(136b) Big Data Analytics Applied to Semiconductor Manufacturing | AIChE

(136b) Big Data Analytics Applied to Semiconductor Manufacturing

Authors 

Moyne, J. - Presenter, Applied Materials
Armacost, M., Applied Materials
Introduction

As "big data" requirements and capabilities in data volumes, velocity (rates), veracity (quality), variety (merging) and value (analytics) increase rapidly, semiconductor manufacturers are faced with a need for new approaches to data management and use across the fab [1]. During semiconductor manufacturing a silicon wafer is transformed into a grid of silicon chips in a fabrication facility or "fab". Each chip or "die" has layers of complex circuitry that must be controlled to the nanometer or even molecular level.
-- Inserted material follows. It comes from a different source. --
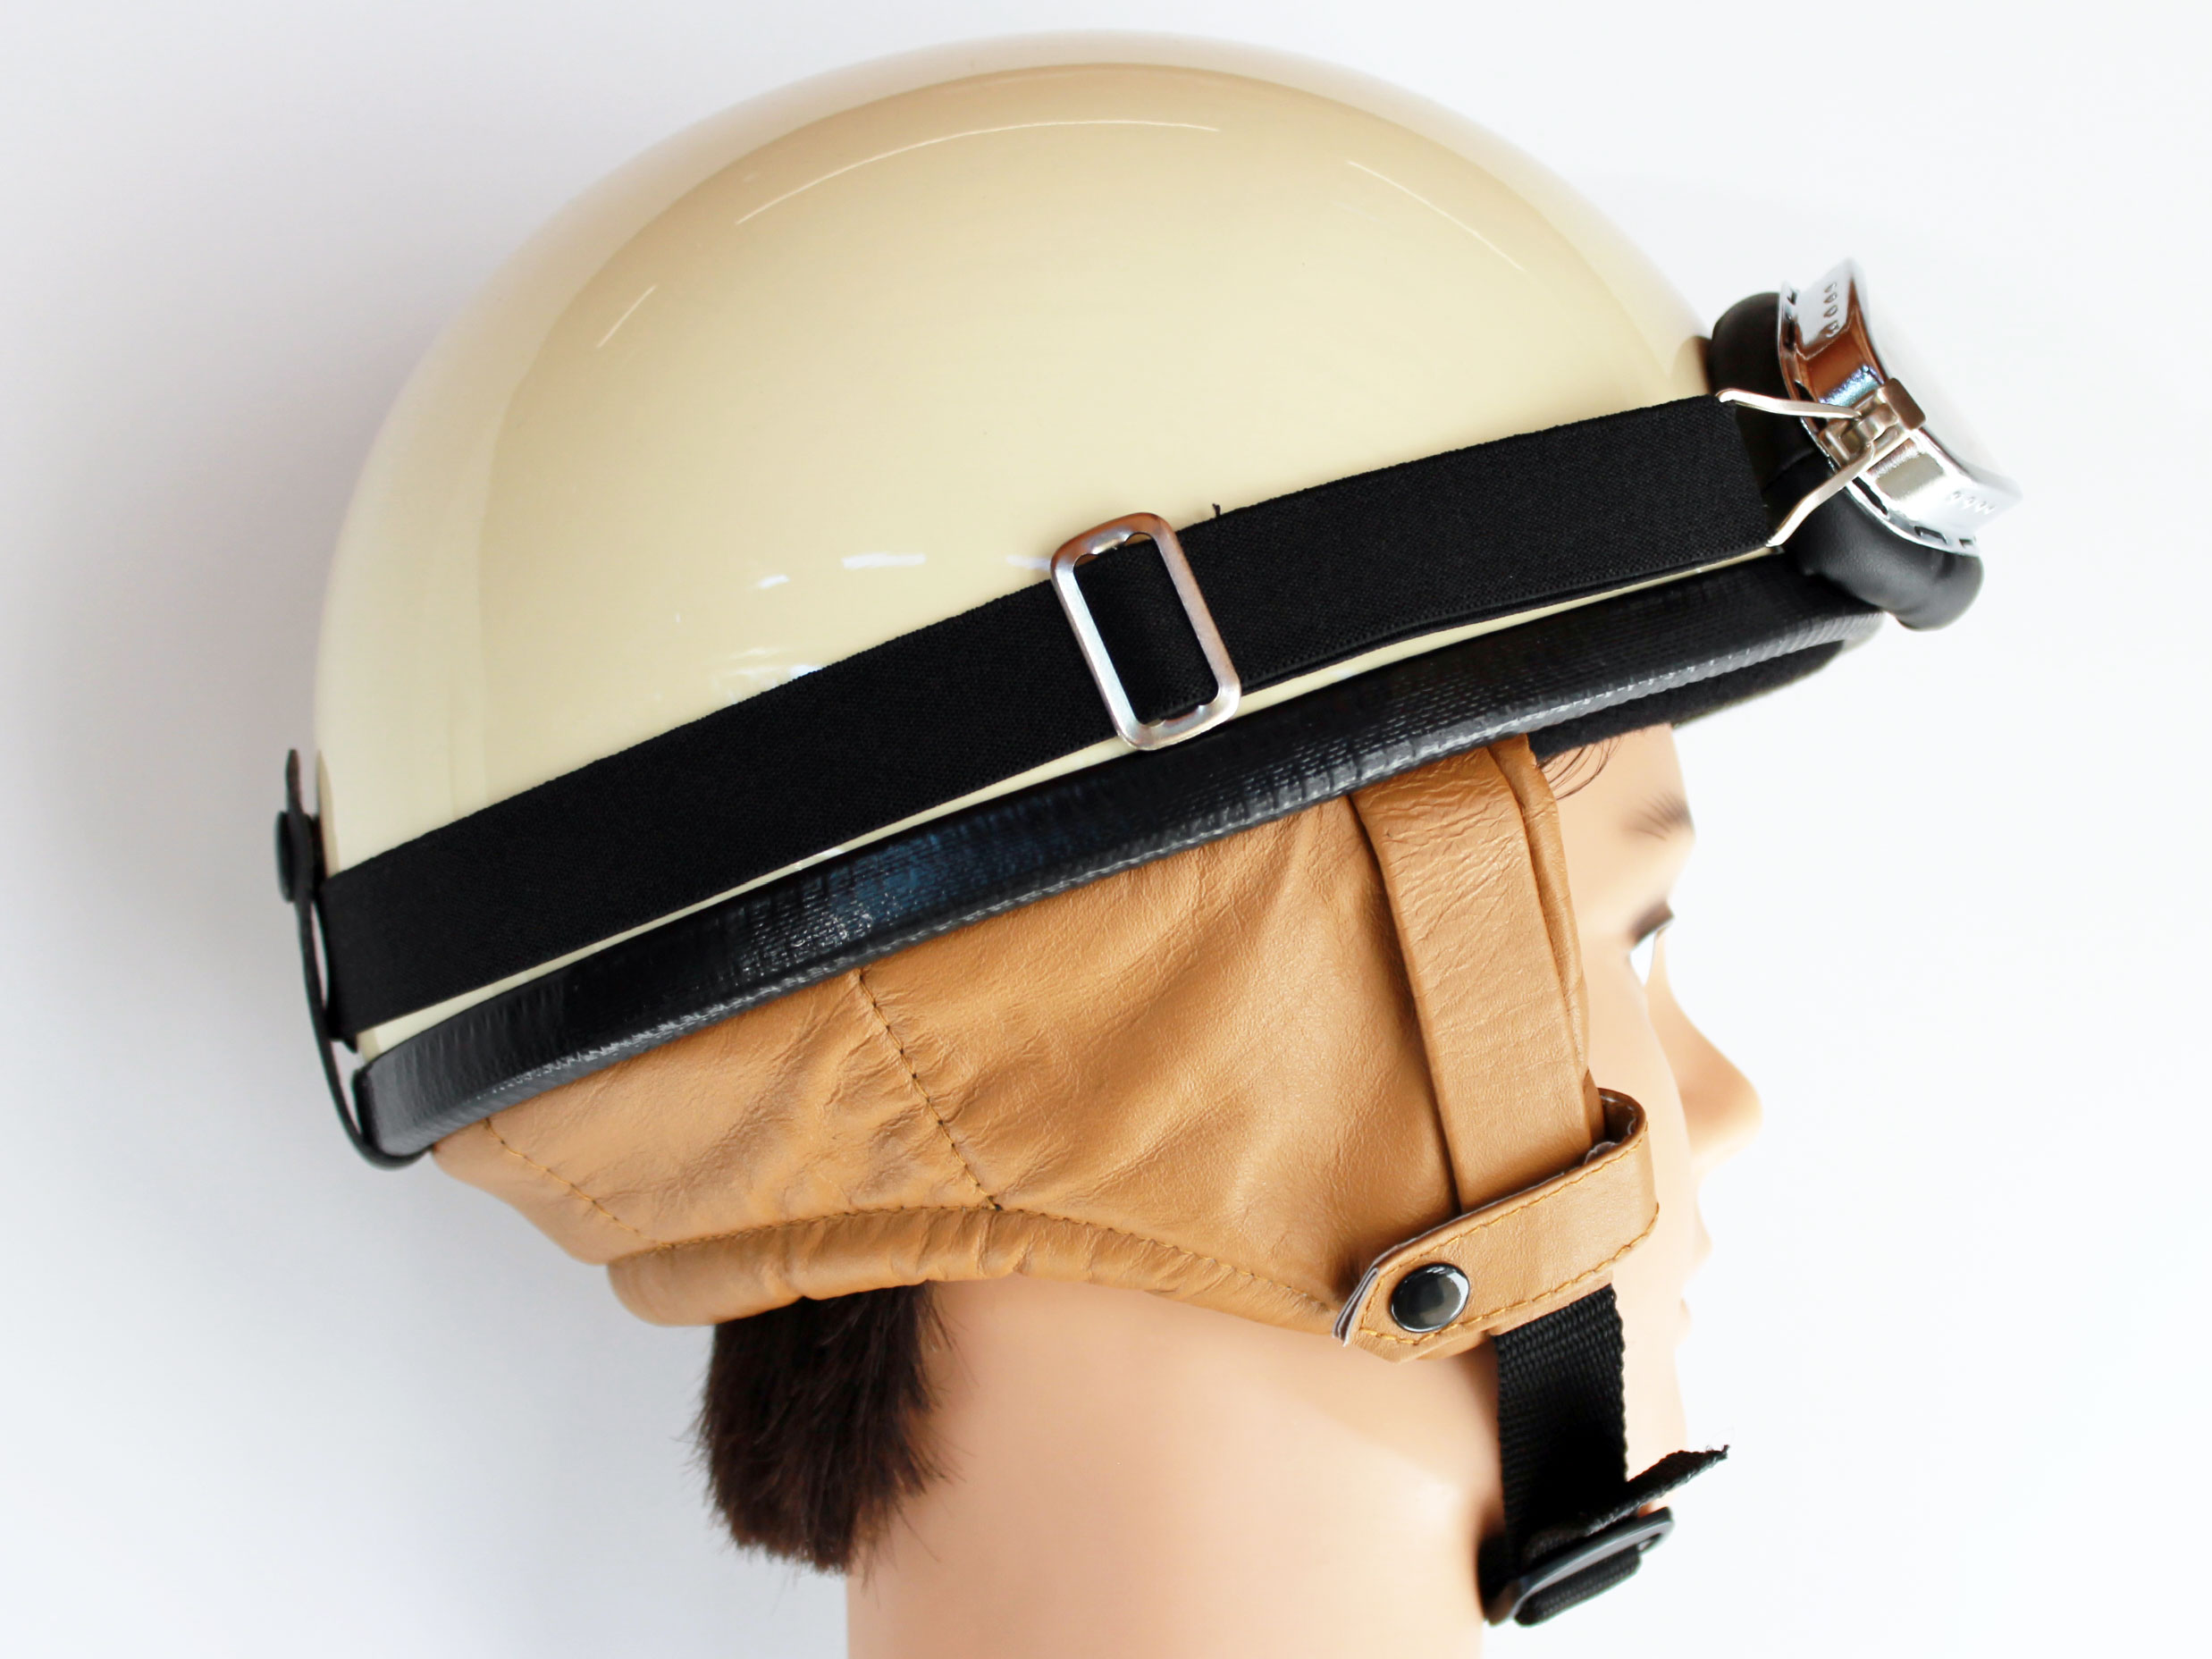 helm halbschale rb 500 elfenbein gr e m mit brille helm. Black Bedroom Furniture Sets. Home Design Ideas

The semiconductor manufacturing process usually has hundreds of these precision control steps. The dynamic control of these steps in this industry is facilitated with a set of capabilities collectively termed "Advanced Process Control" or APC [2]. Over the past two decades the APC family of capabilities has included dynamic model-based process control, termed "run-to-run" or R2R control [2,3], and Fault Detection and Classification or "FDC" (also referred to as excursion detection and failure mode determination) [2,4]. More recently the APC family of capabilities has been expanded to include predictive capabilities such as Predictive Maintenance (PdM), Virtual Metrology (VM) and even end-of-line yield prediction and yield excursion root cause analysis. The expanded set of APC capabilities represents the primary area where big data solutions are generating significant benefits in semiconductor manufacturing.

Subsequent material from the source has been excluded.